Eat, Pray and Love Rome: visit S. Crisogono
‘There's a power struggle going on across Europe these days. A few cities are competing against each other to see who shall emerge as the great 21st century European metropolis. Will it be London? Paris? Berlin? Zurich? Maybe Brussels, center of the young union? They all strive to outdo one another culturally, architecturally, politically, fiscally. But Rome, it should be said, has not bothered to join the race for status. Rome doesn't compete. Rome just watches all the fussing and striving, completely unfazed. I am inspired by the regal self-assurance of this city, so grounded and rounded, so amused and monumental, knowing she is held securely in the palm of history. I would like to be like Rome when I am an old lady.’
Elizabeth Gilbert, Eat Pray, Love.
Mulling on Elizabeth Gilbert’s rhapsodic view of Rome, I always advise friends to give the Colosseum a miss. There’s so much more to see. To be provocative I usually suggest visiting S. Clemente behind the great arena, but less visited and no less intriguing is S. Crisogono.
Just across the Ponte Garibaldi, at an entry to Trastevere (Rome’s restaurant district), the great barn of a baroque church at first seems a little charmless. But pass by the praying individuals, and beyond the far end of the north aisle lies a door to an anonymous side room. Press 3 euros into the hand of the moustachied guardian and like magic he pulls on another door as if it were a cupboard. This is the entrance to the excavated sub-church and a different Rome.
9th C. crypt from above
Here is the palm of history, as Elizabeth Gilbert puts it. Deep excavations early in the 20th century revealed the sub-structures of a monstrous late antique basilica, re-purposed with a grand annular crypt in the early 9th century, and then re-decorated – rather grandly in the 11th century as Rome suddenly enjoyed newly found mercantile wealth. (Now, the historical canon says the crypt belongs to Gregory III’s papacy in the 730s, but I’m doubtful…..)

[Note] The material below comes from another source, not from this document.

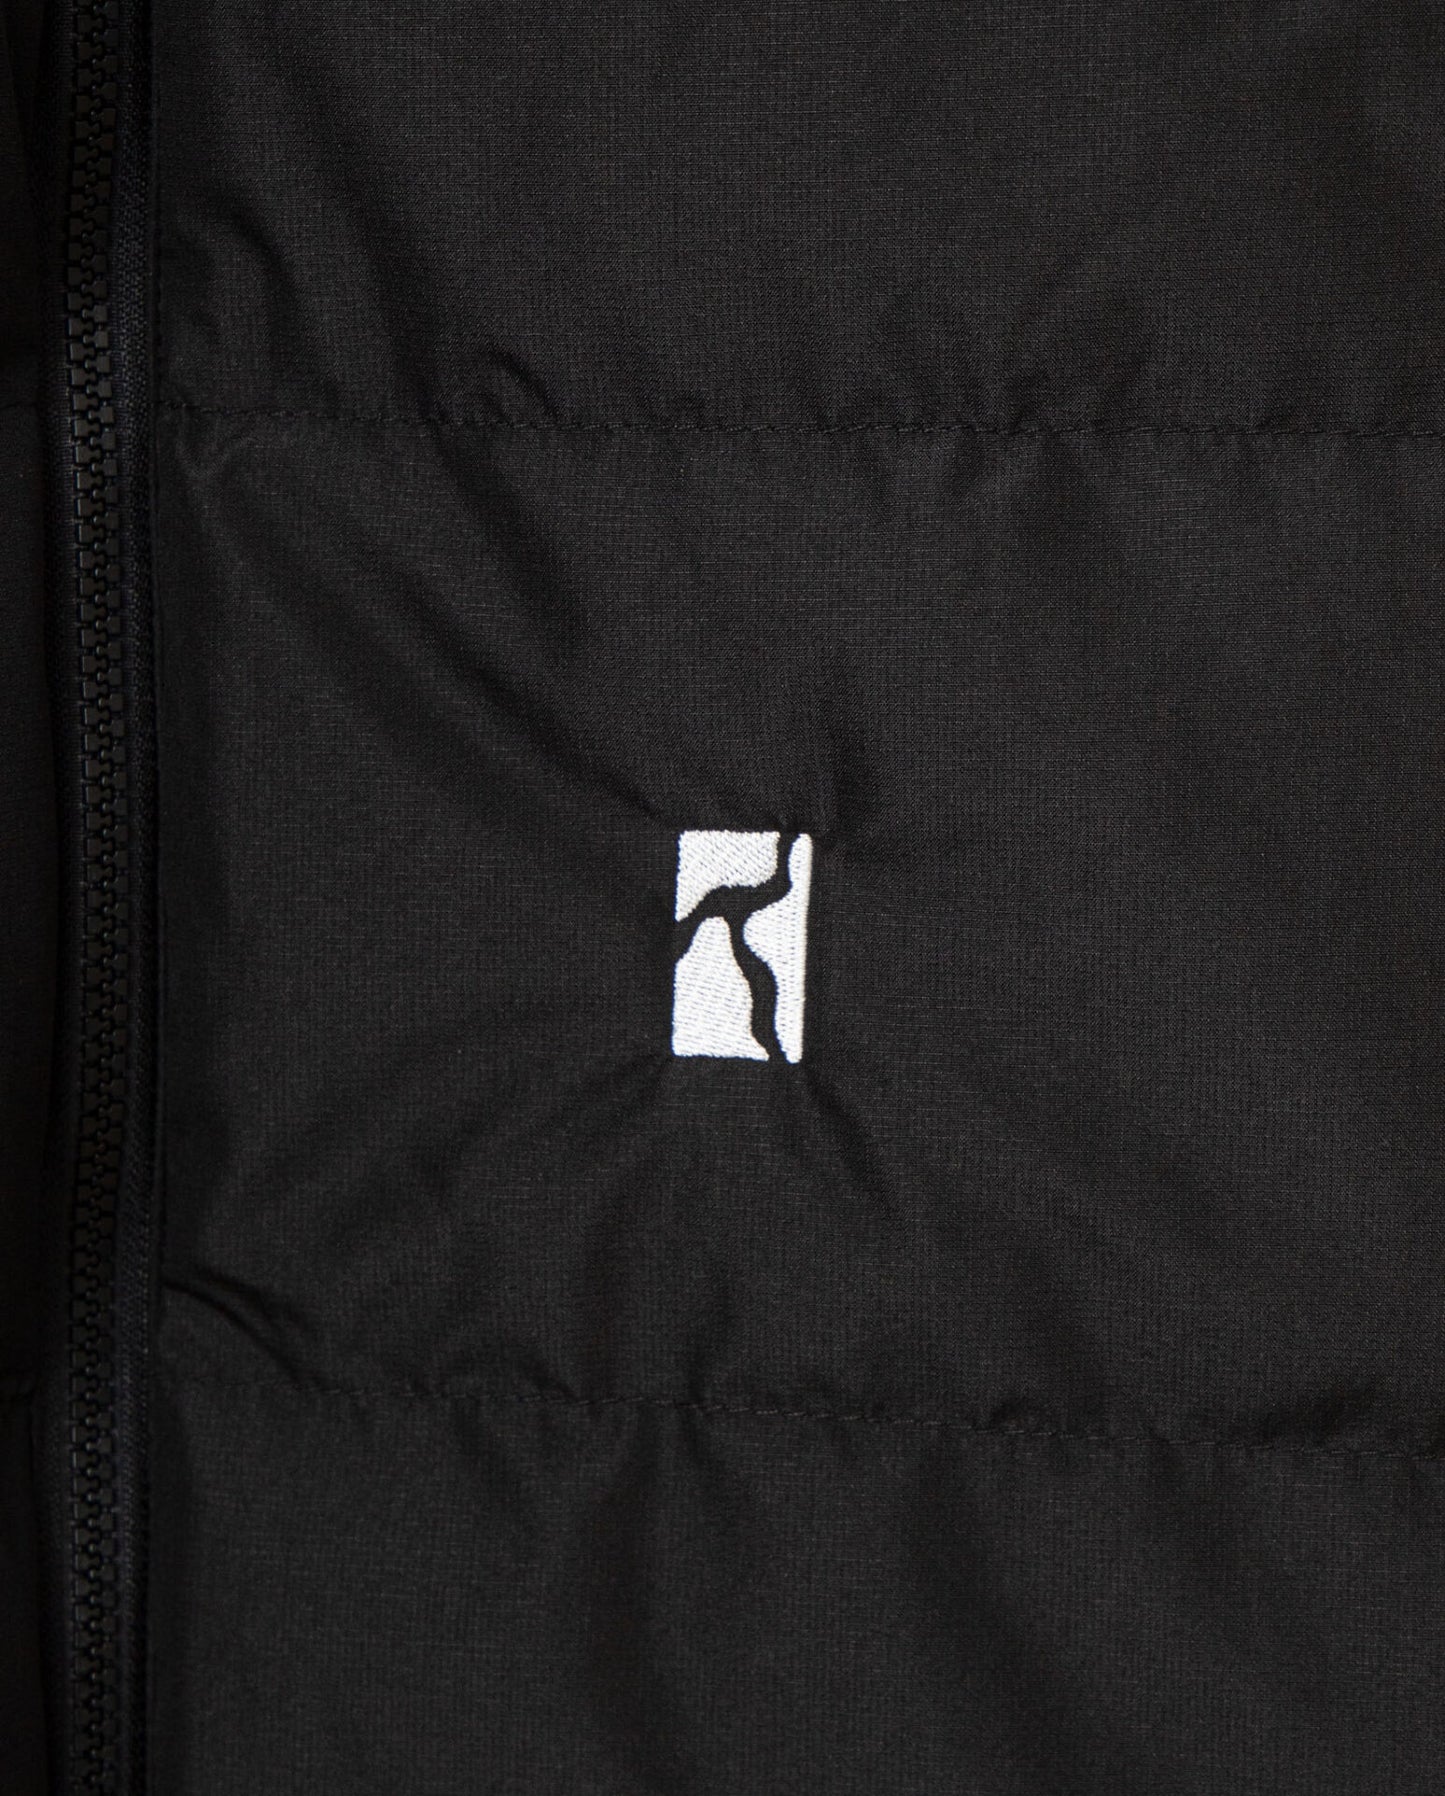 Puffer Jacket – Black
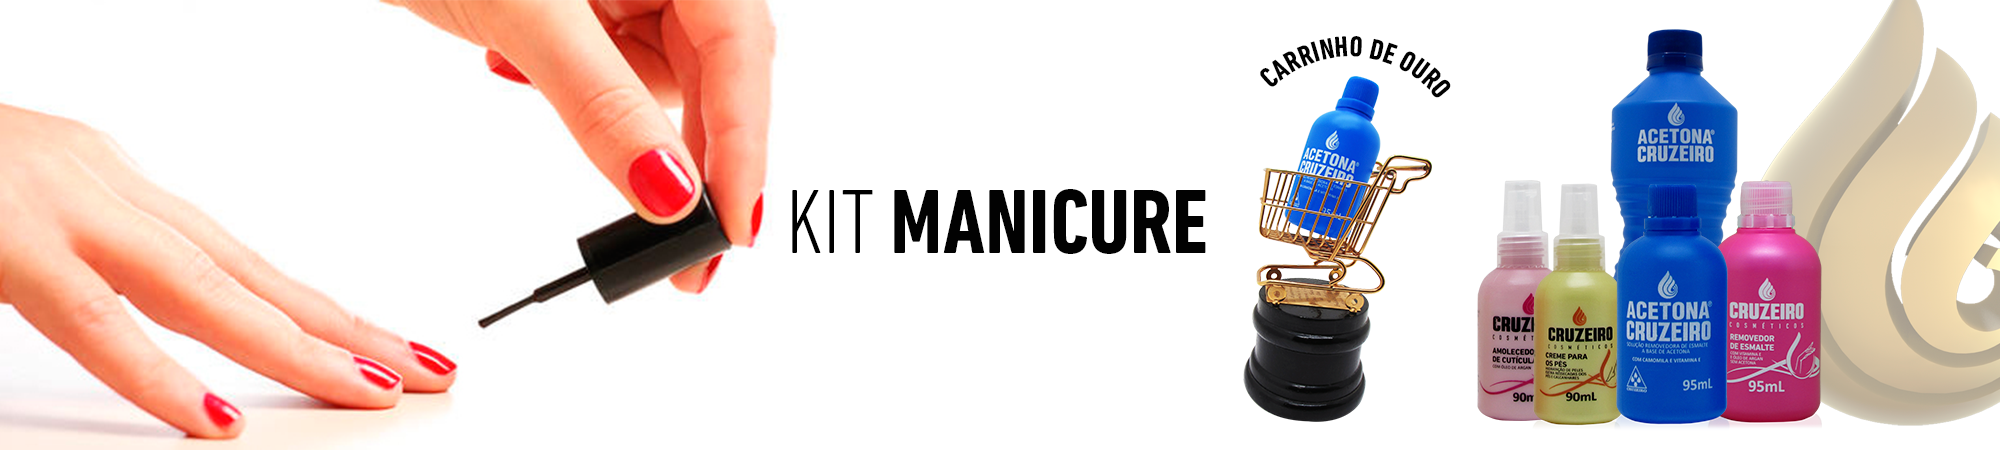 kit-manicure

9th-century mural paintings
You are most likely on your own in this tour, tip-toeing gingerly across old excavation surfaces. The air is damp, the building shakes as a tram passes by, but it is the sense of discovery that emboldens you into the twilight. Large imperial sarcaphogi re-purposed for medieval prelates and pilgrims, are mixed with Lombard fragments from the great transennae that surrounded the early medieval sanctuary. But it is the fragmentary paintings that catch the eye. Those from the 8th or 9th century are posed yet unfazed. Elizabeth Gilbert would surely approve. Those from the age of the Normans – including one of St. Benedict - are more rigid in form, the faces being severe, dare I say, stressed.
Rome needs to network its churches and deploy them strategically to take the visitor pressure off the tourist honey-pots. Each, like S. Crisogono, is a wonder where you have time to contemplate the past and the present . Each has a regal self-assurance that is every bit as fascinating as the huge Roman ruins that draw the crowds and queues.